Com a saída do amigo do palco, Geraldinho ataca sozinho de "Sétimo Céu", "Parceiros das Delícias", "Dia Branco" e a parceria inédita com Abel Silva "Só Depois de Muito Amor". Com Elba, ele canta e toca "Bicho de 7 Cabeças II" e "Canta Coração", composição dele e de Carlos Fernando que inaugurou o repertório do primeiro LP da cantora paraibana, "Ave de Prata", lançado em 1979. A composição é dos tempos em que a dupla dividia apartamento no Rio em um "casamento sem sexo", como declarou Elba no palco carioca.

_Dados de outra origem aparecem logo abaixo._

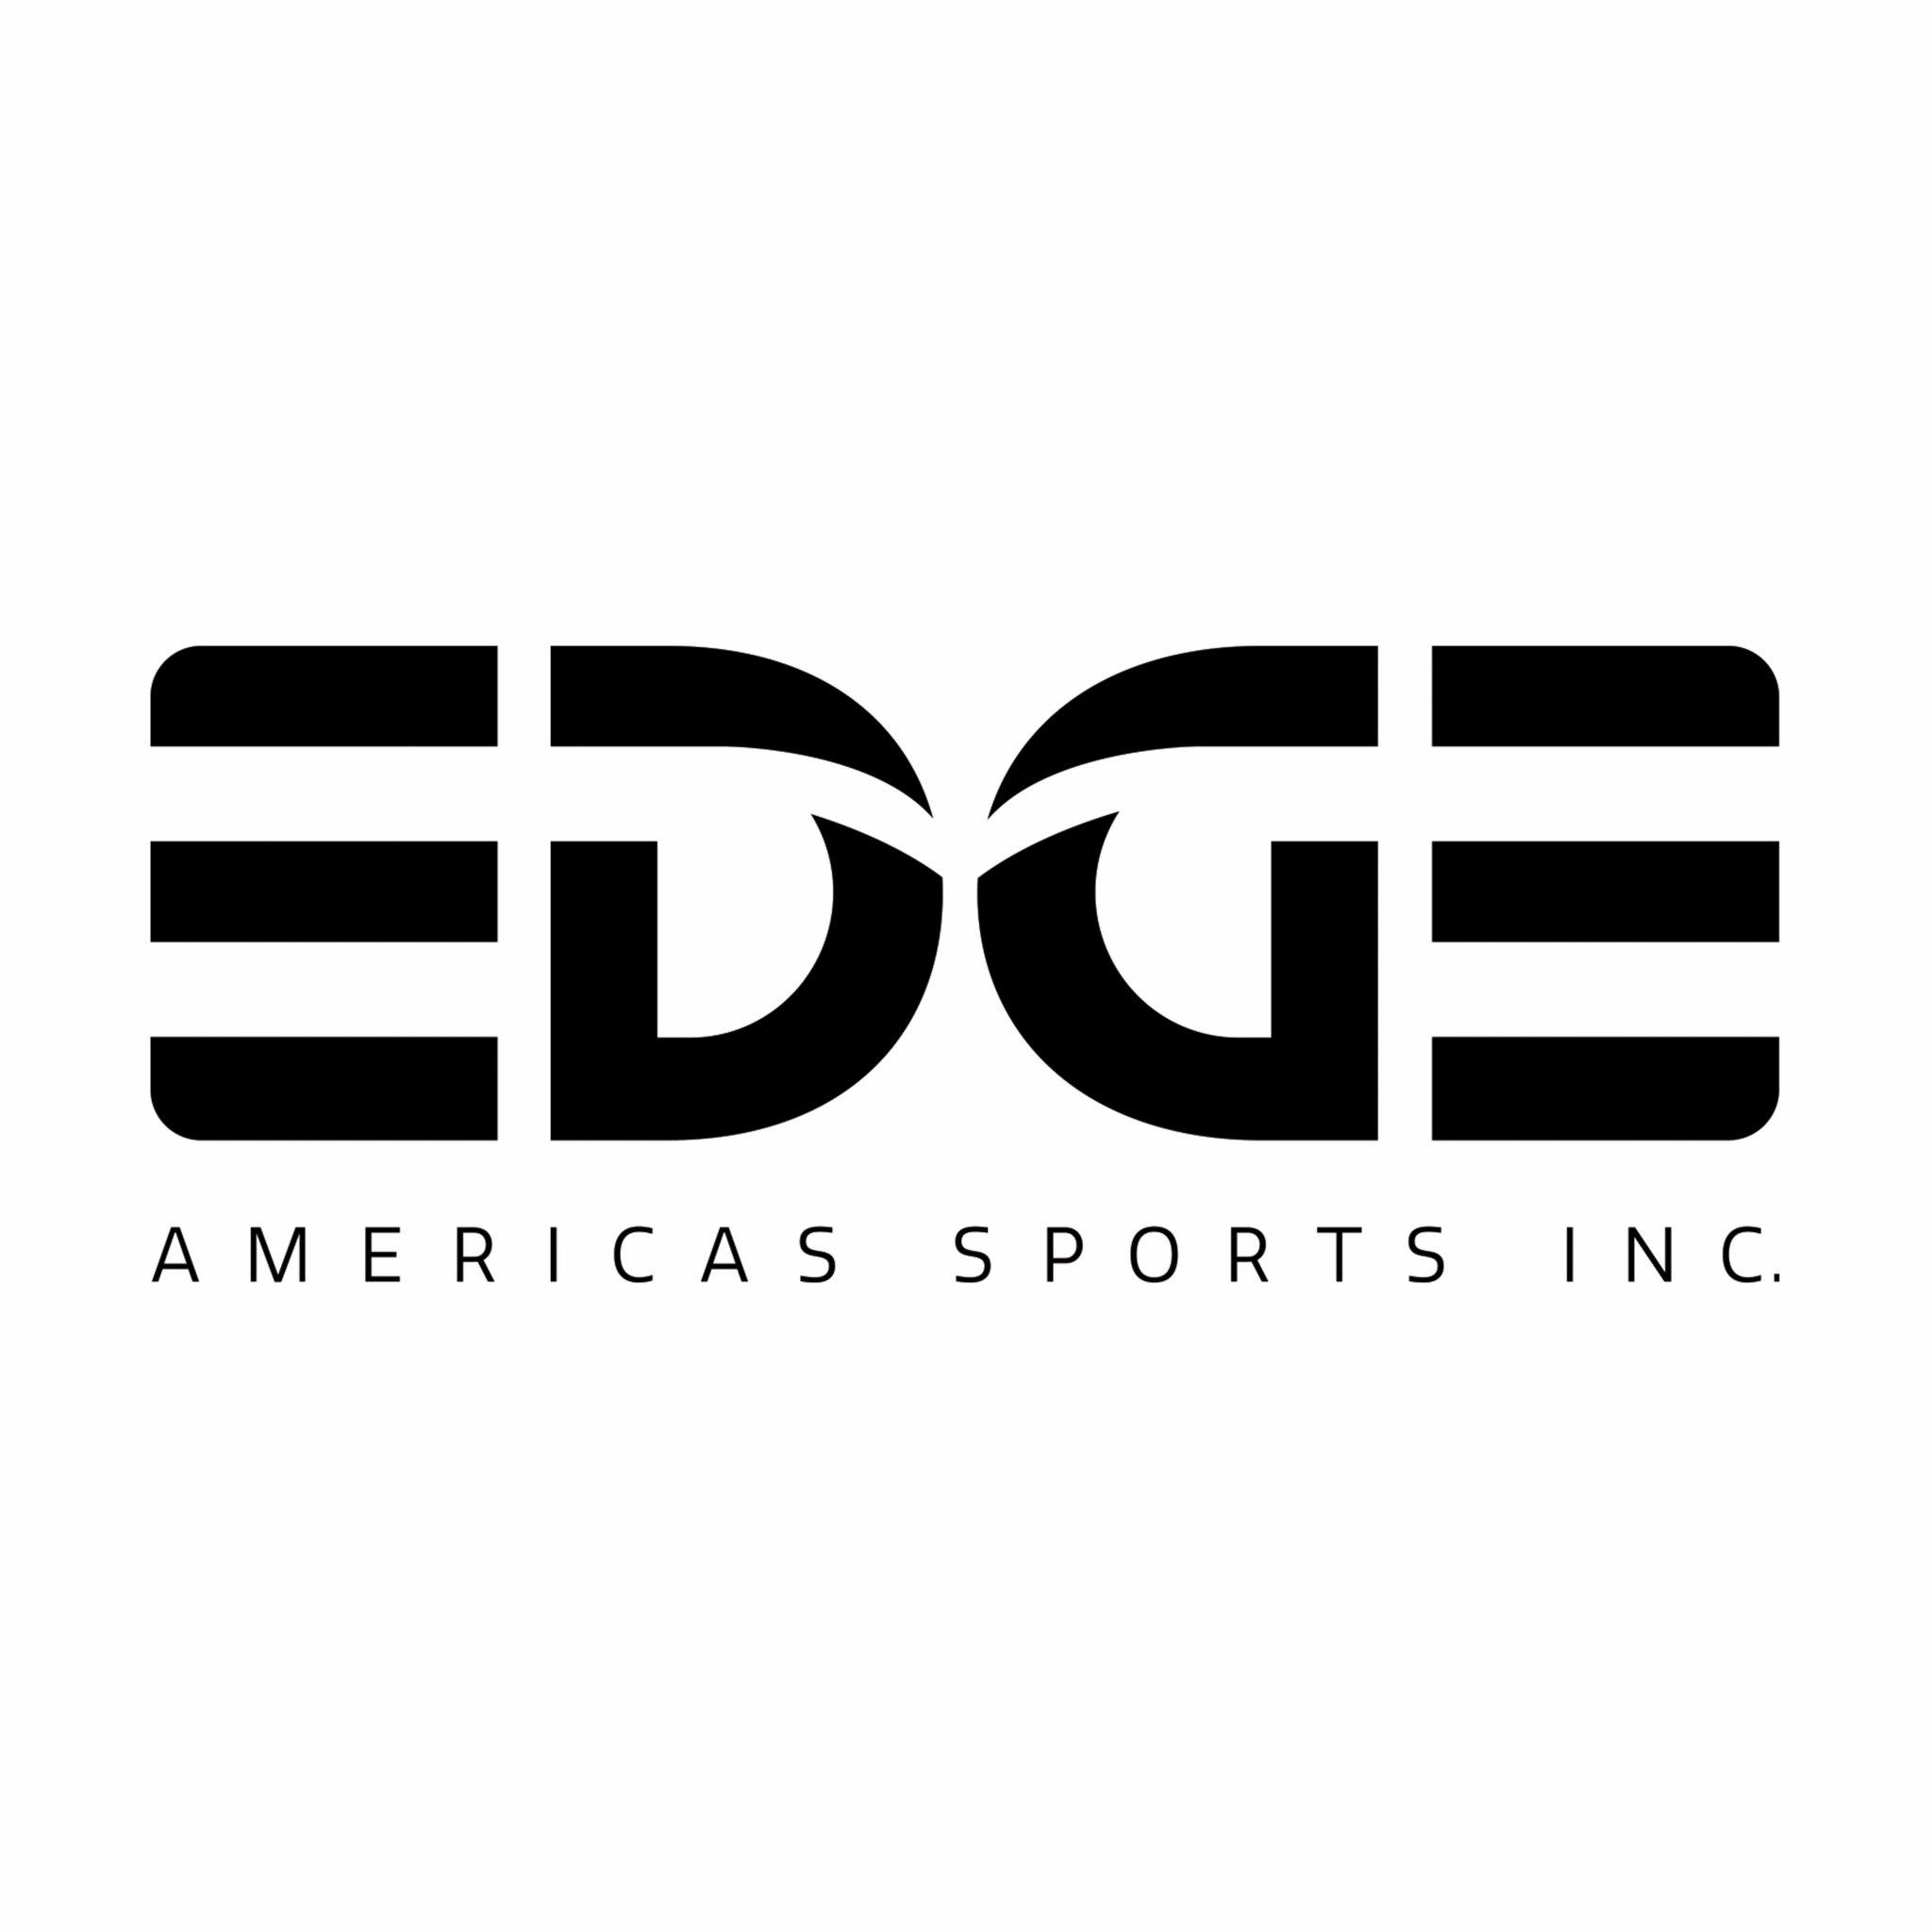 Edge Americas Sports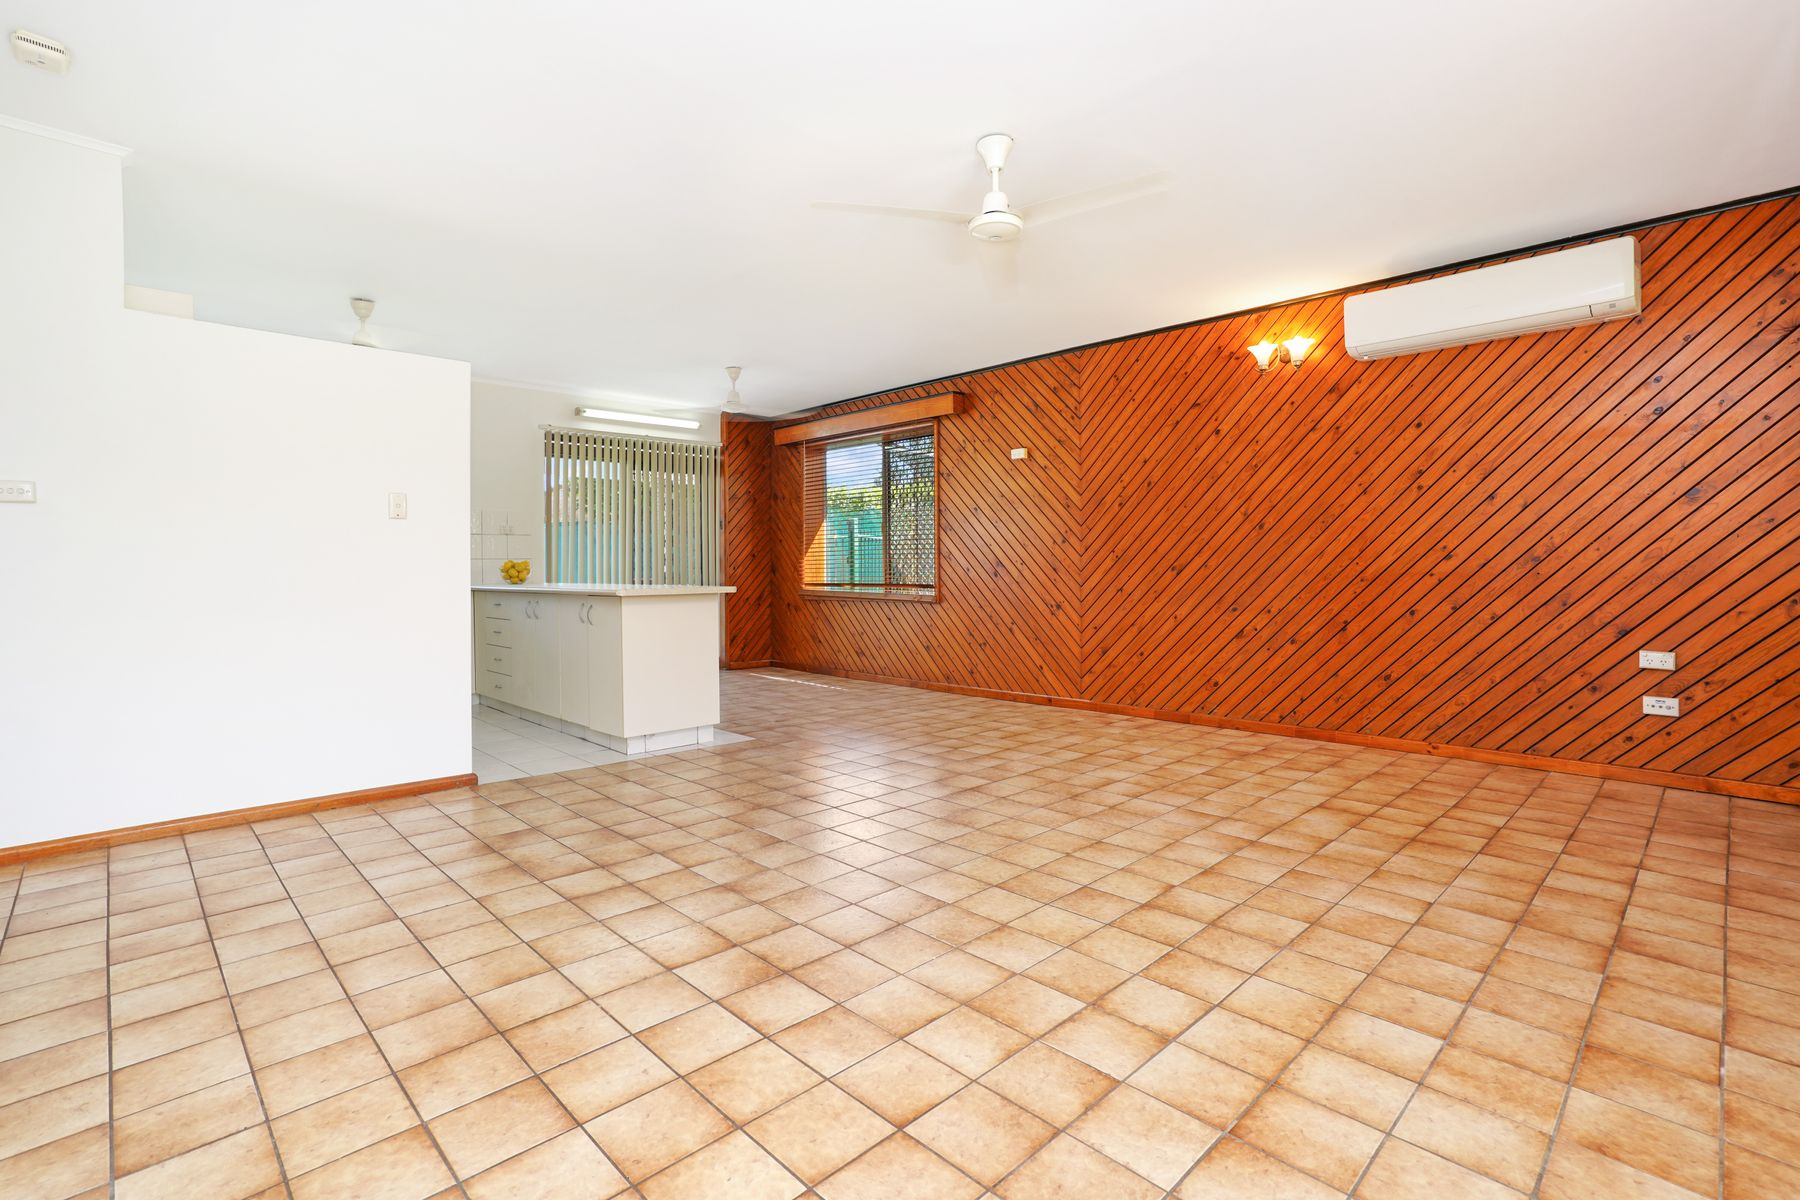 33 Copeland Crescent, Nakara, NT 0810

"Eu sempre achei que Elba tinha que cantar. Naquela época, ela fazia uma peça, mas eu já achava que ela devia cantar", relembra ele.

Sozinha, além da já citada "Chão de Giz", Elba arrebenta interpretando "Sangrando" - que trouxe do show do Prêmio da Música Brasileira que homenageia Gonzaguinha - e faz um medley celebrando a obra de Dominguinhos com "Abri a Porta" e "Eu Só Quero Um Xodó". Sempre contando histórias no palco, ela entoa "Candeeiro Encantando" lembrando que foi a primeira cantora a gravar uma música de autoria de Lenine. O que o público perdeu desta vez foi a estreia da cantora como compositora de música não religiosa.

"Eu ganhei uma força como intérprete com 'Sangrando' nos shows do prêmio, por isso quis continuar cantando. Não foi fácil escolher o repertório porque tenho mais de 800 músicas gravadas de outras pessoas. E, apesar de querer agradar ao público com sucessos, gosto de desafio, de novidade. Eu queria incluir uma composição que fiz com Geraldinho e Tony Garrido, mas não ficou pronta em tempo. As melodias vivem aqui, saindo, mas eu sou preguiçosa. Em disco meu, só tem música religiosa que eu fiz", conta Elba.

O Grande Encontro está sob o comando do produtor e diretor cultural pernambucano André Brasileiro, que dirigiu o show do premiado CD/DVD "Cordas, Gonzagas e Afins", de Elba Ramalho. Um show à parte, o cenário elaborado por Gringo Cardia a partir de obras do artista plástico baiano J. Cunha muda a cada número, colorindo o visual nos mesmos tons das músicas.